Given records:
____________
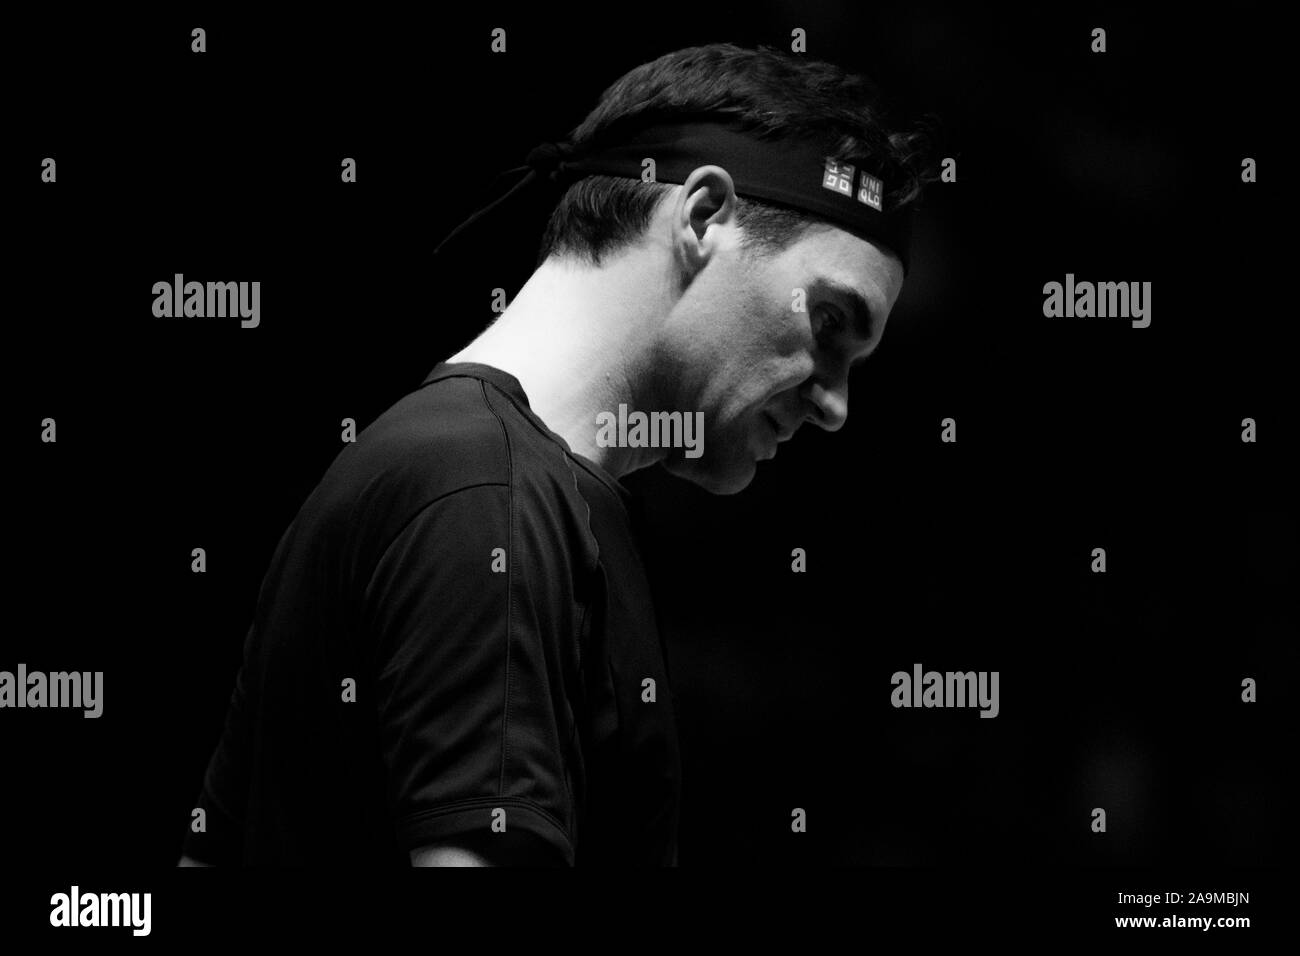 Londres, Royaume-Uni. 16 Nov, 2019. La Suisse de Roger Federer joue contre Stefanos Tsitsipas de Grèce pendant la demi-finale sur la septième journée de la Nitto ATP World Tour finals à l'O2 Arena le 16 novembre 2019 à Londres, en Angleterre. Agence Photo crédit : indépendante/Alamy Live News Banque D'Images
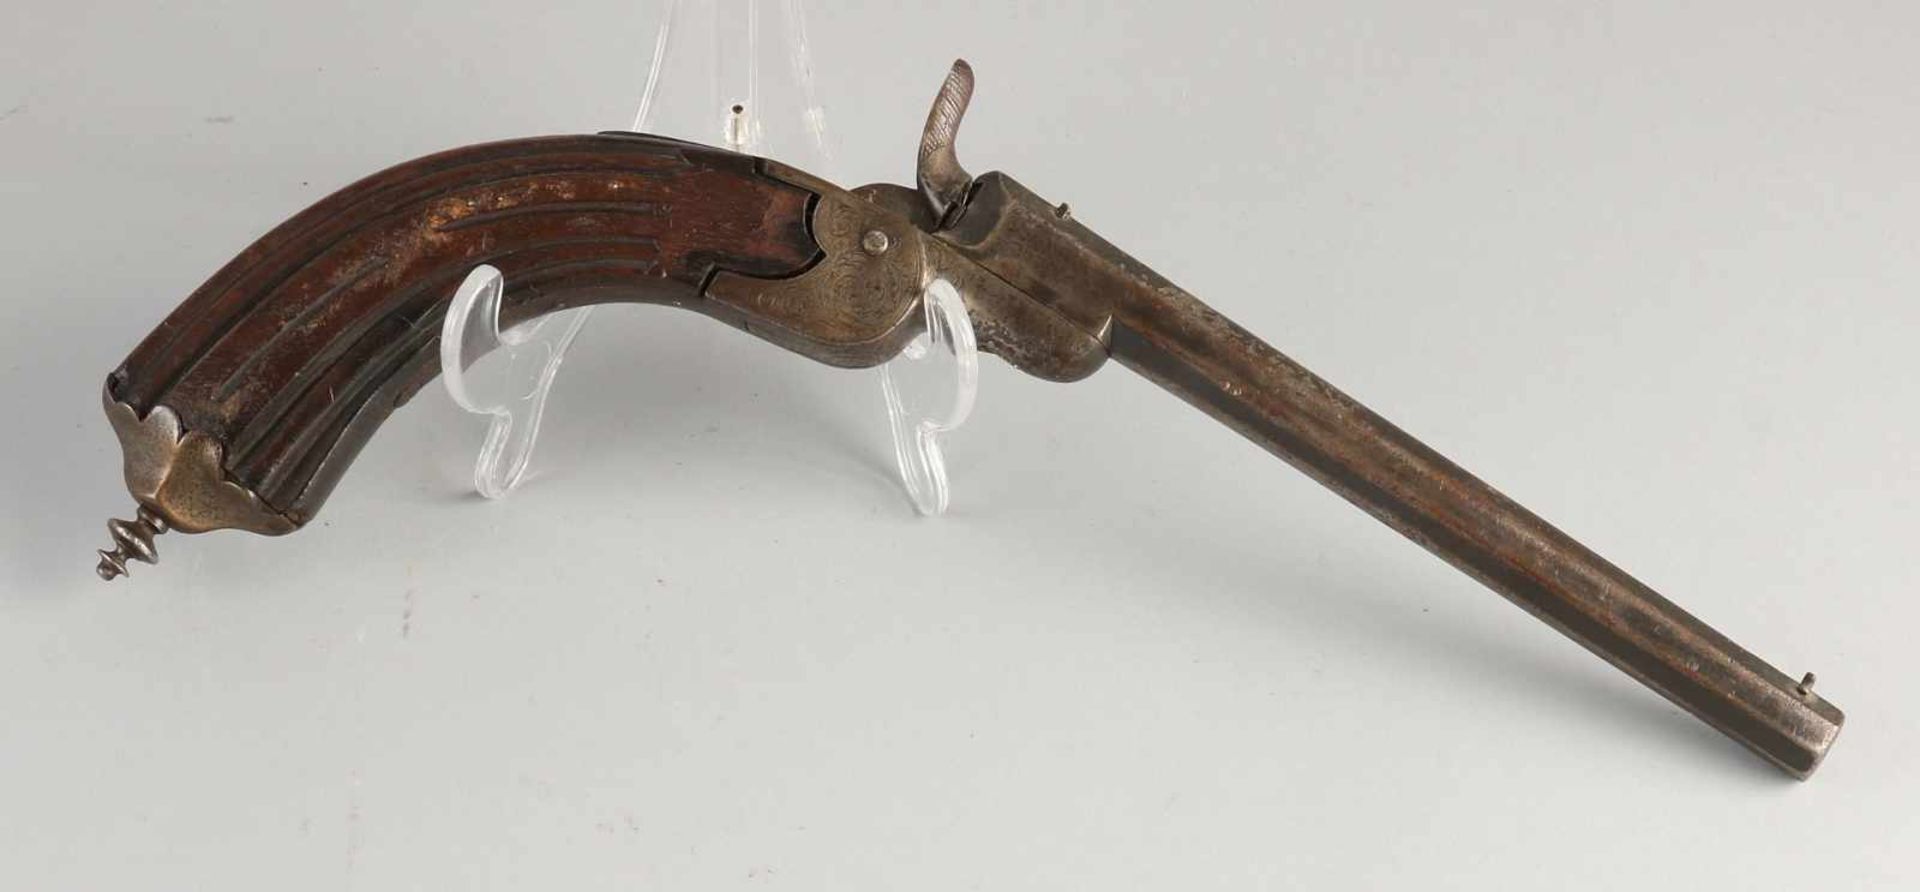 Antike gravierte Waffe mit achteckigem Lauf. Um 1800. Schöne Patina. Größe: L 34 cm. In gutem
____________
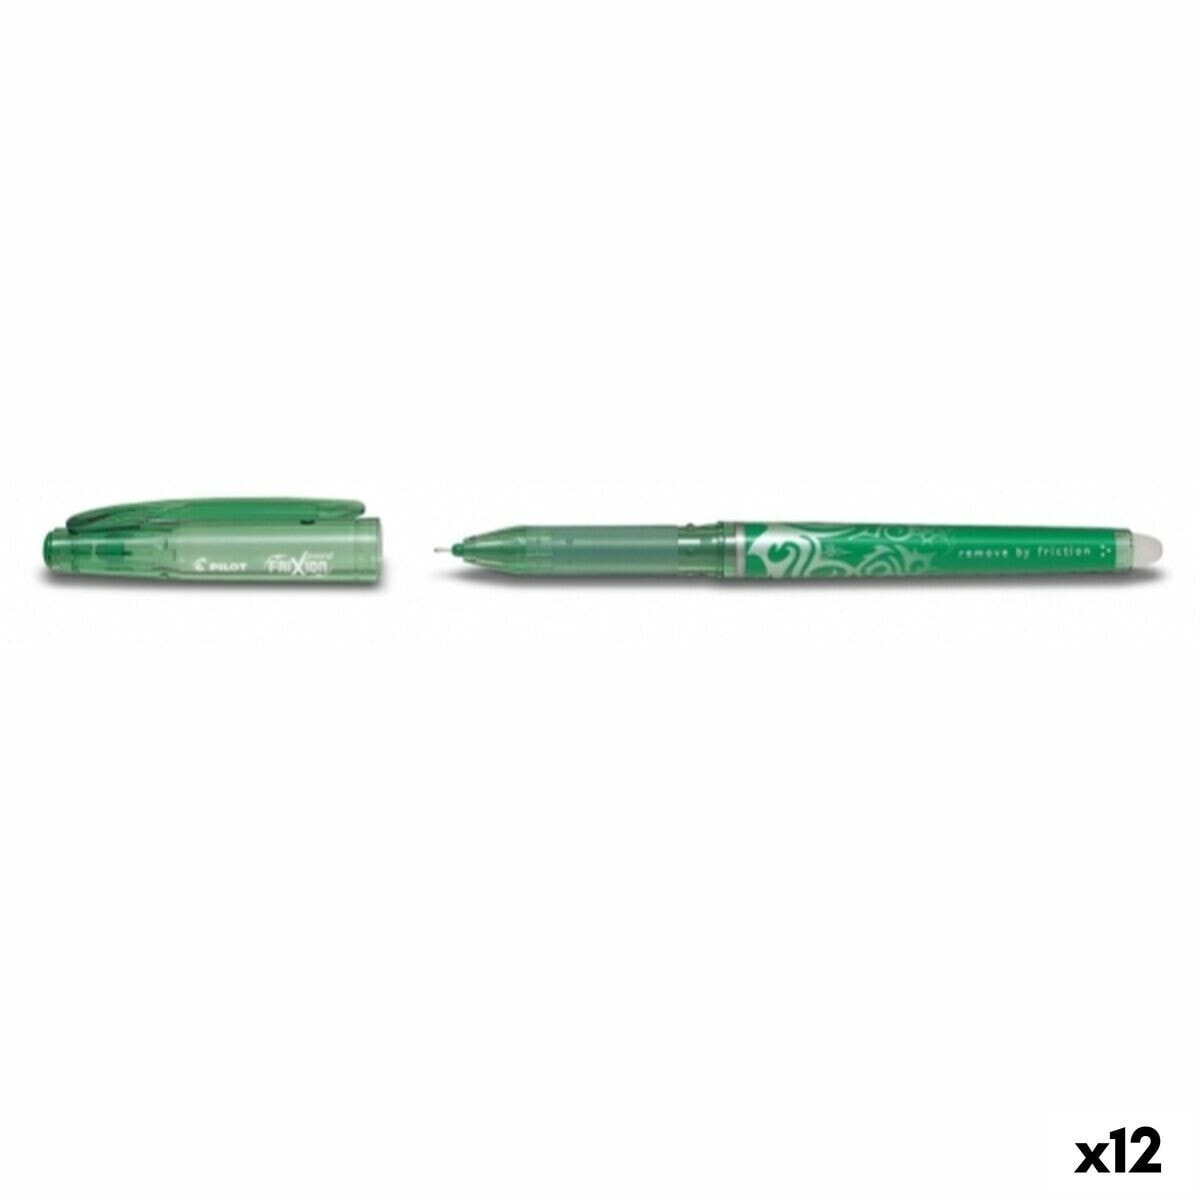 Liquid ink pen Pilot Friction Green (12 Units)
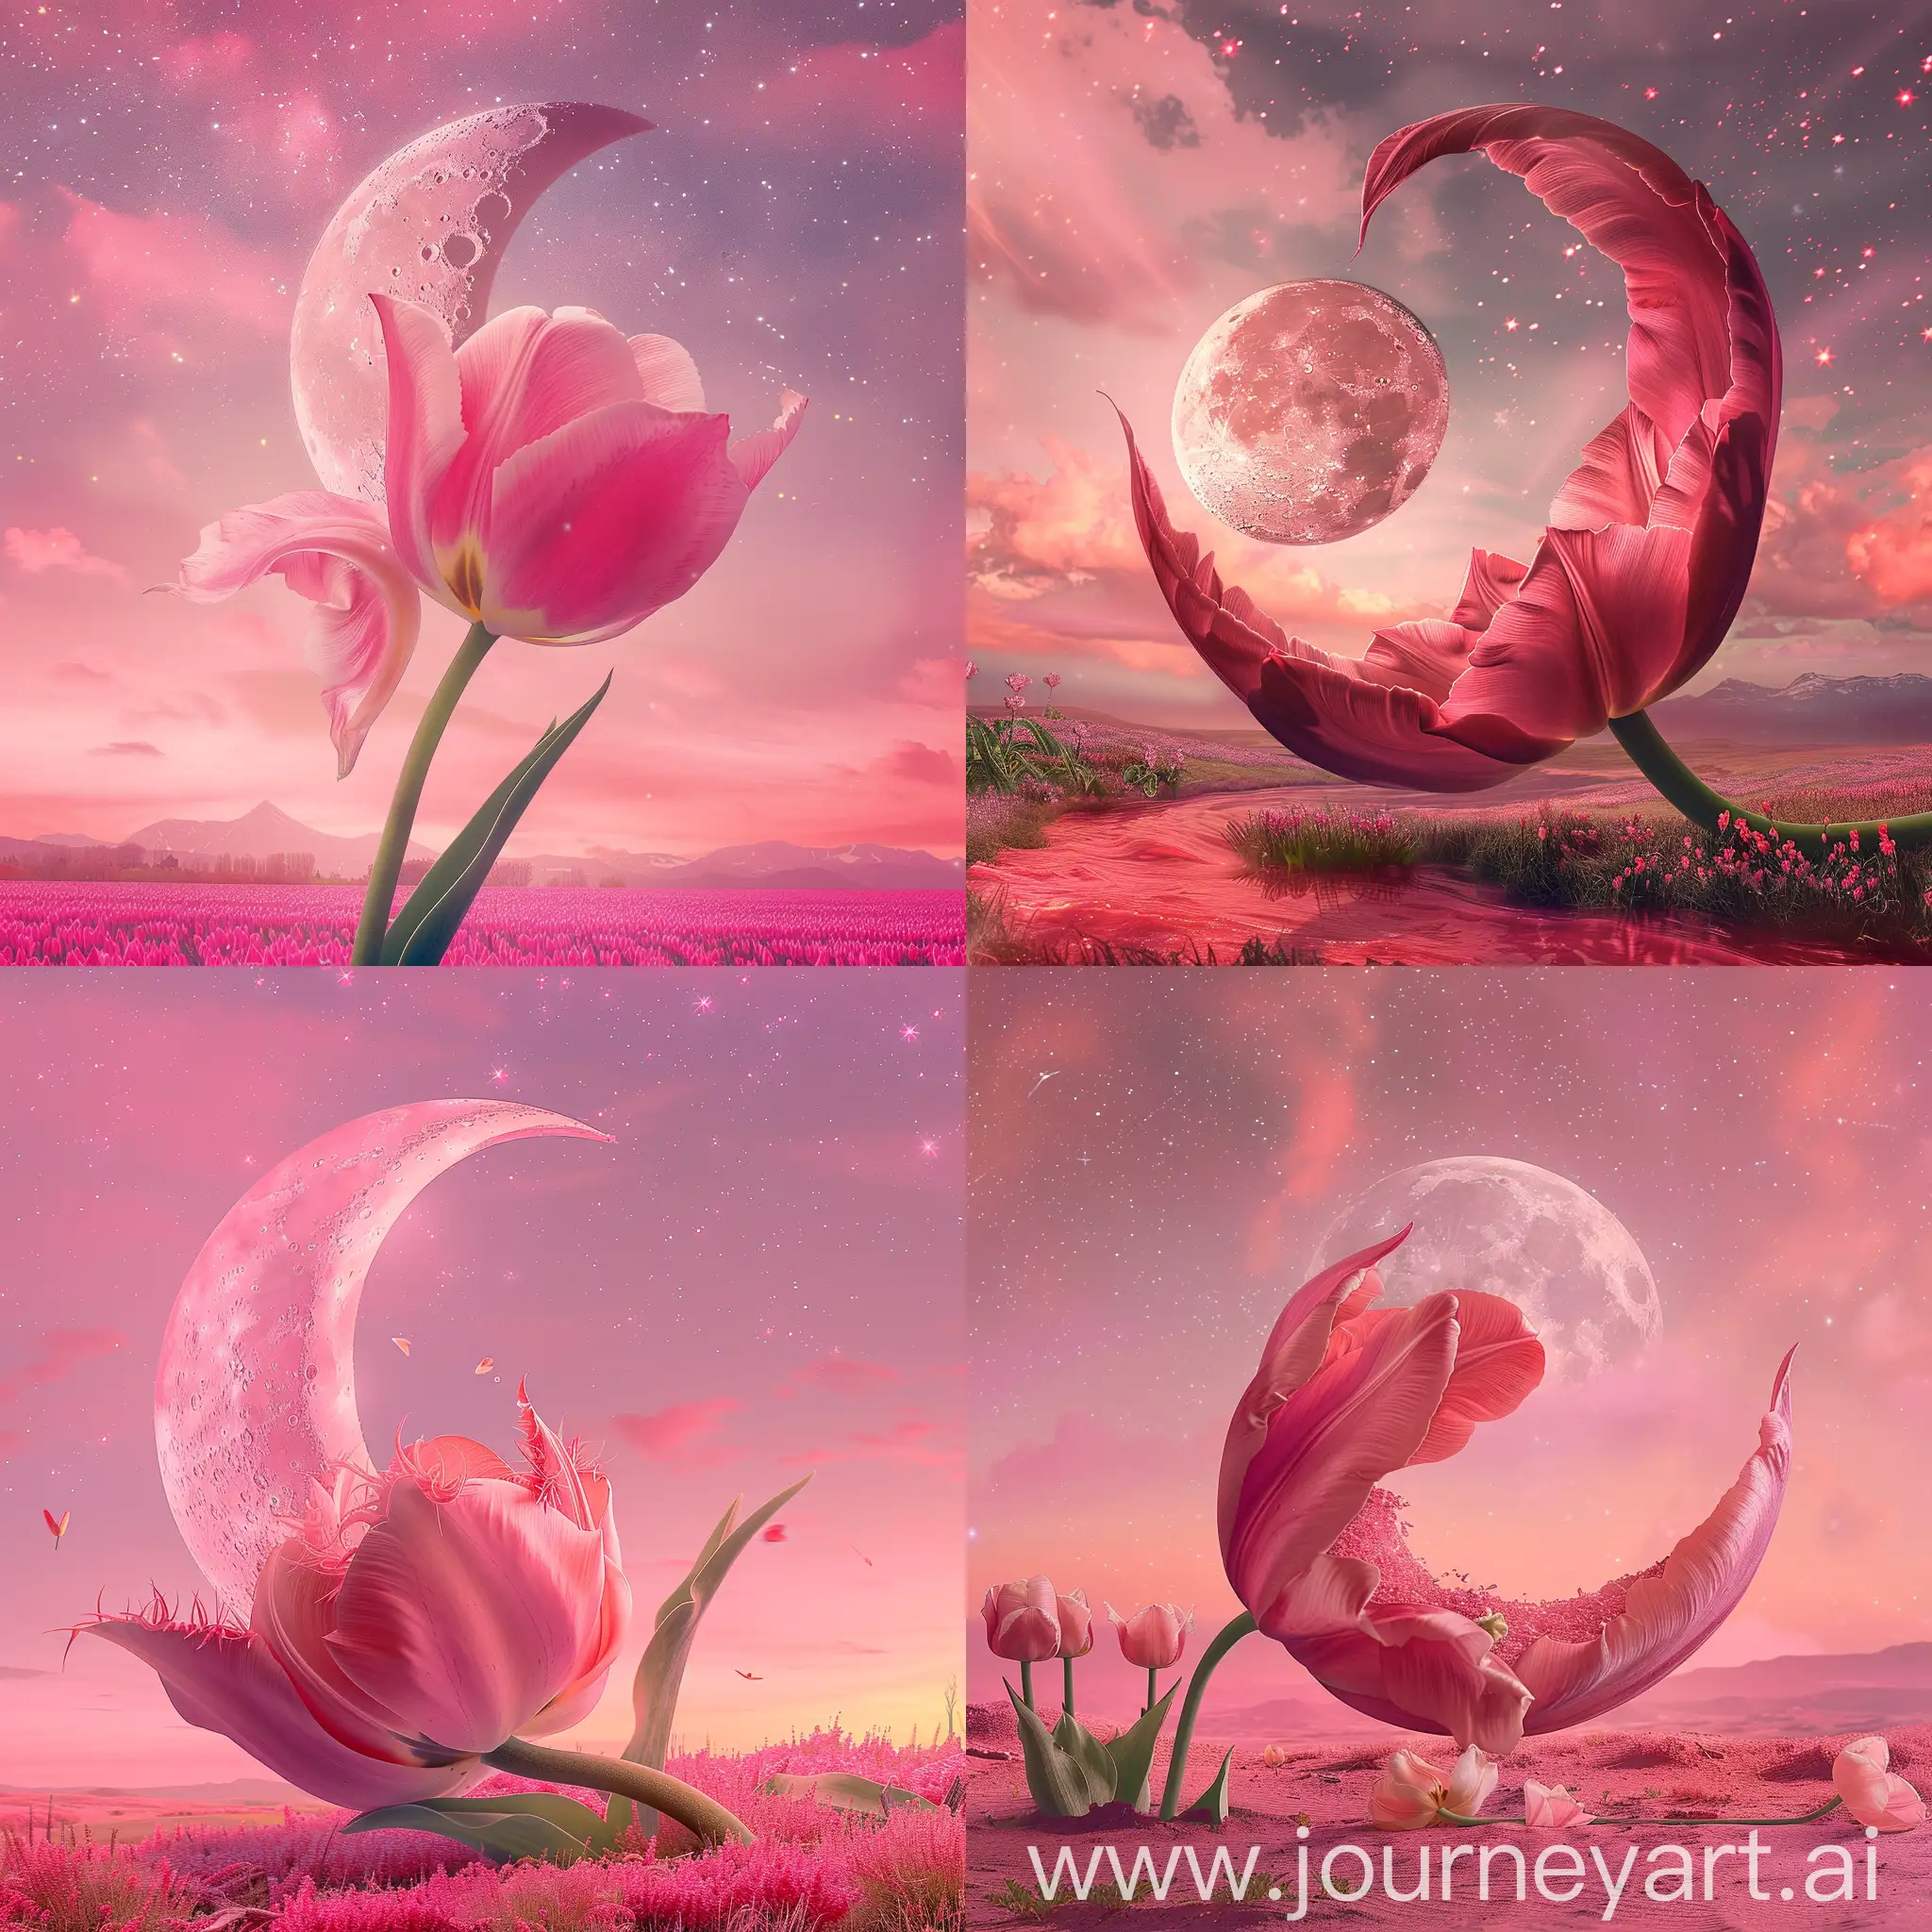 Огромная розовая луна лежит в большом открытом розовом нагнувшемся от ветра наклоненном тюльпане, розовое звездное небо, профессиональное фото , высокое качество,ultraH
____________
Within the entries above, the lines from the one containing "Londres, Royaume-Uni. 16" through the one containing "Antike gravierte Waffe" are to be transcribed exactly, ends included, pictures excluded.

Solution for this task:
 Londres, Royaume-Uni. 16 Nov, 2019. La Suisse de Roger Federer joue contre Stefanos Tsitsipas de Grèce pendant la demi-finale sur la septième journée de la Nitto ATP World Tour finals à l'O2 Arena le 16 novembre 2019 à Londres, en Angleterre. Agence Photo crédit : indépendante/Alamy Live News Banque D'Images
 Antike gravierte Waffe mit achteckigem Lauf. Um 1800. Schöne Patina. Größe: L 34 cm. In gutem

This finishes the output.